SystemsGenetics / ACE

Accelerated Computational Engine (ACE) is a GPU-enabled framework to simplify creation of GPU-capable applications
http://SystemsGenetics.github.io/ACE
GNU General Public License v2.0
1 stars 1 forks source link

CUDA Causing Unknown Exception #98

Closed MitchsGreer closed 5 years ago

MitchsGreer commented 5 years ago

There is an issue with CUDA using a nvidia card as the default to run operations, if the correct drivers are not installed, then an unknown acceptation is thrown and the program exits when it tries to access the card. The problem does not arise when the CUDA setting is set to none by the user.

4ctrl-alt-del commented 5 years ago

Hey @bentsherman I don't think this is good behavior for the end user to have the program crash with "unknown exception" if the user's computer doesn't have nvidia corp in it. Can you change the device listing of CUDA to handle the event there is no drivers like OpenCL does?

bentsherman commented 5 years ago

@MitchsGreer Could you provide more context about how you are running your ACE application? Like what system are you using and how did you install your application? Also please provide a log of your error.

@4ctrl-alt-del where does OpenCL handle this case? It seems to me that if the drivers aren't installed then the application would fail immediately because it won't be able to link to the driver libraries.

4ctrl-alt-del commented 5 years ago

@bentsherman What I meant to say is a computer can have an OpenCL library installed without any drivers from any actual implementation because it is open source. Also failing to find a library is a very easy to understand error for the user. The issue that needs to be resolved with CUDA is ACE dying with the only output for the user to decipher being "unknown exception".

MitchsGreer commented 5 years ago

@bentsherman I installed ACE as the docs in KINC would have you do, I'm running on Ubuntu 18.04. I then installed KINC along with dependencies as the docs would have you do. I did not install the NVIDIA drivers, as I am not using CUDA in the analytic I am working on. When I would start the analytic after it ran through the initializing of the inputs and outputs it would crash saying "unknown exception caught". I tried setting the settings for the CUDA device to none and the error no longer appeared when I ran the analytic.

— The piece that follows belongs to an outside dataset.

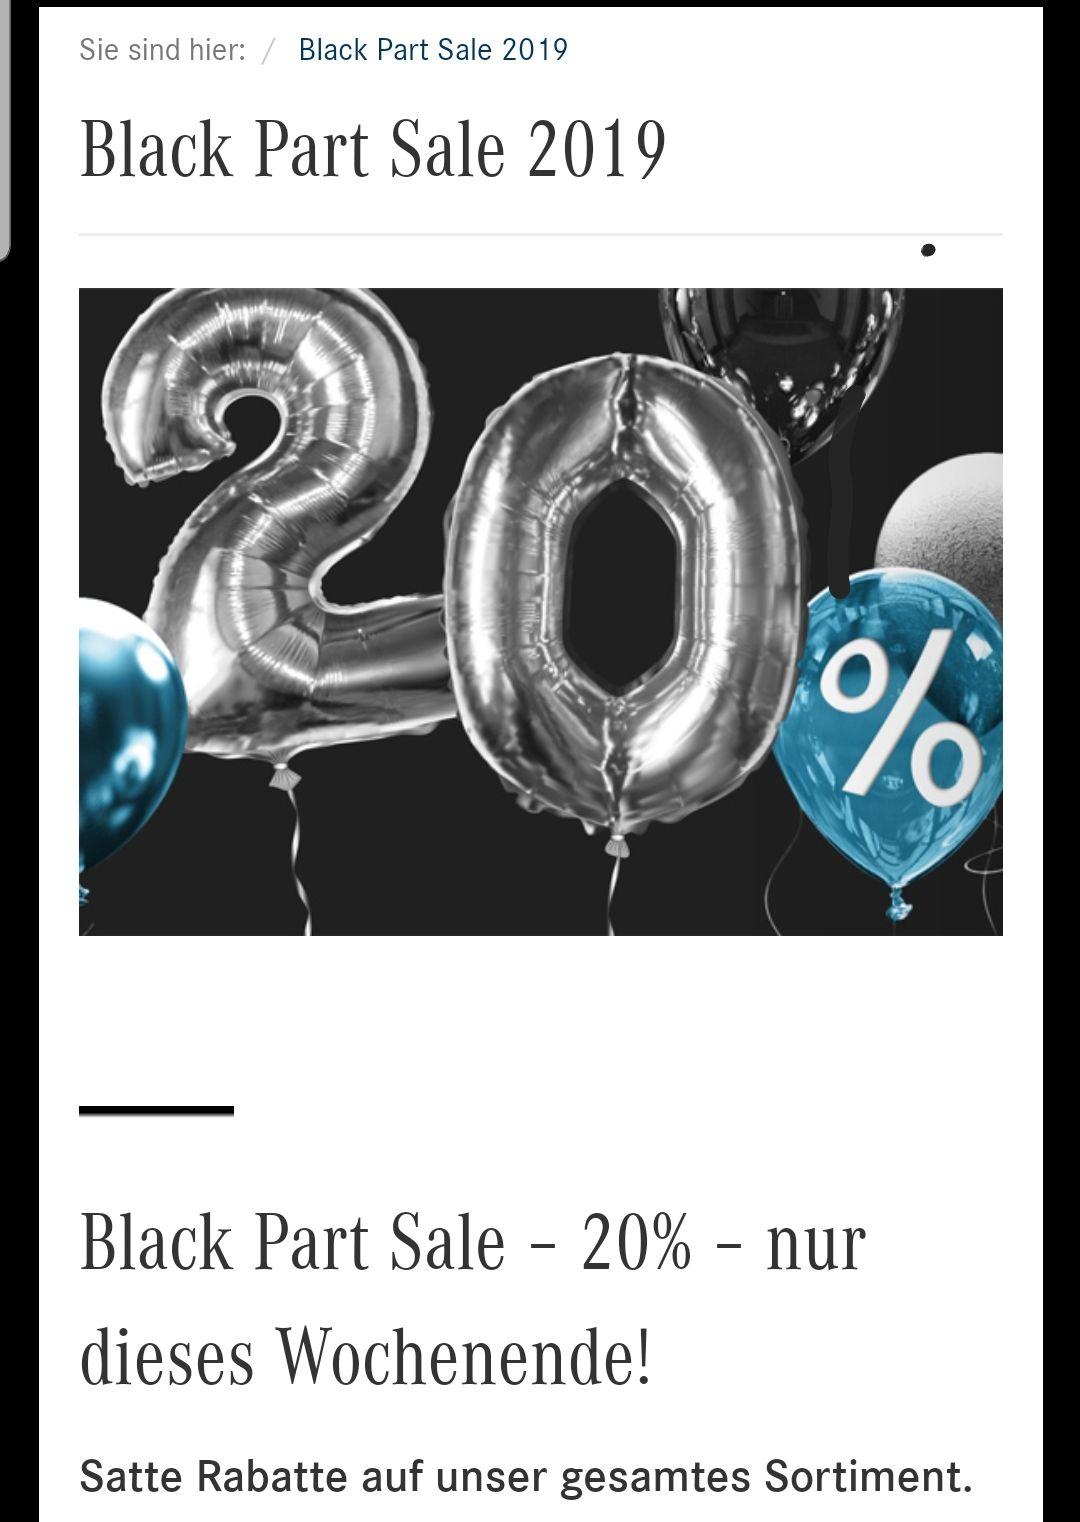 MB-GTC 20% BLACK DEAL PART

I then attempted to set my CUDA device back to 0, as it was to begin with, and I got the exact same error: "Unknown exception caught!\n". It stands to reason that ACE was attempting to initiate some CUDA or talk to the CUDA device in some way, and was not able to, thus throwing an error.

bentsherman commented 5 years ago

@MitchsGreer Since ACE uses the CUDA Driver API, it is the driver itself that provides the library headers, so the NVIDIA drivers must be installed. On Ubuntu 18.04 there are a set of packages called nvidia-headless-* which provide a "dummy" CUDA driver API for situations exactly like yours.

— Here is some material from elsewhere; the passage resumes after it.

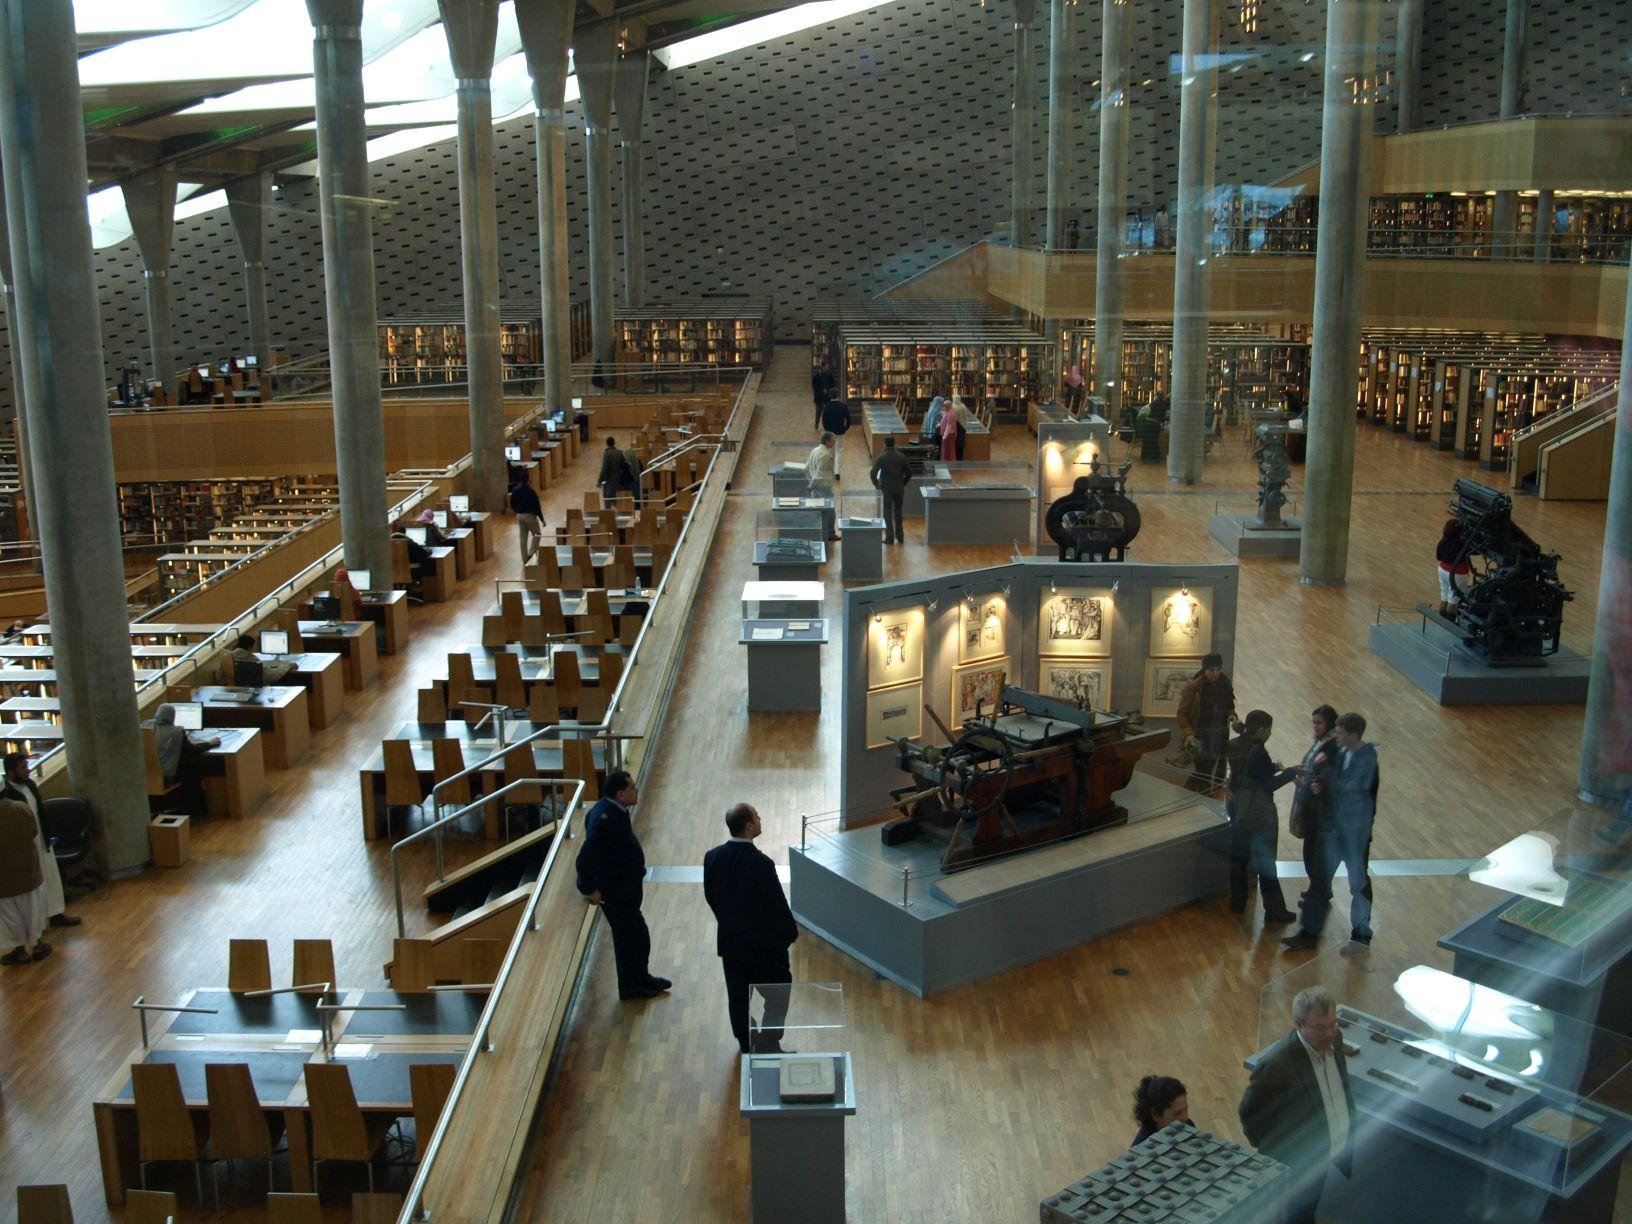 Library of alexandria, alexandria library, day trip to alexandria from cairo, alexandria day tour, deluxe tours egypt

Refer to the KINC Dockerfile: https://github.com/SystemsGenetics/KINC/blob/master/docker/Dockerfile#L16

@4ctrl-alt-del I have this case documented for KINC but if you have install docs for ACE you may want to update them accordingly. Basically the user needs to install either the headless NVIDIA driver or the actual NVIDIA driver.

bentsherman commented 5 years ago

@4ctrl-alt-del I also found this issue in the settings code which could be related? Not sure.

CUDA::Device* Settings::cudaDevicePointer() const
{
    // If the device index is out of range then return a null pointer, else return a
    // pointer to the device with the device index.
-   if ( _cudaDevice < 0 || _cudaDevice >= CUDA::Device::get(_cudaDevice)->size() )
+   if ( _cudaDevice < 0 || _cudaDevice >= CUDA::Device::size() )
    {
       return nullptr;
    }
4ctrl-alt-del commented 5 years ago

Good find, that would however not cause an "unknown exception". Looks like that was a strange typo from your original CUDA PR that I missed on the review.

If CUDA libraries are not present wouldn't the program fail at startup saying something like "cannot find libcuda.so" ? Something in CUDA is throwing an unknown exception that doesn't even follow the commonly accepted practice of using std::exception as a base class. I really can't help with this bug because I have zero knowledge of CUDA nor did I add it to ACE. At a bare minimum wherever this object is being thrown it needs to be caught and handled so the user can understand what is happening.

bentsherman commented 5 years ago

@4ctrl-alt-del Yes normally that is the error message that I get, although I think I've gotten the unknown exception message as well. I'm not sure what about @MitchsGreer 's setup is causing the latter rather than the former. But I encounter errors like this on Palmetto from time to time so I will keep an eye out during my KINC testing.

4ctrl-alt-del commented 5 years ago

To resolve this I think I am going to set the cuda default to none.

4ctrl-alt-del commented 5 years ago

Set default CUDA device to none in commit d89fcf9da9faffebb2251687b285f026c6c3217d.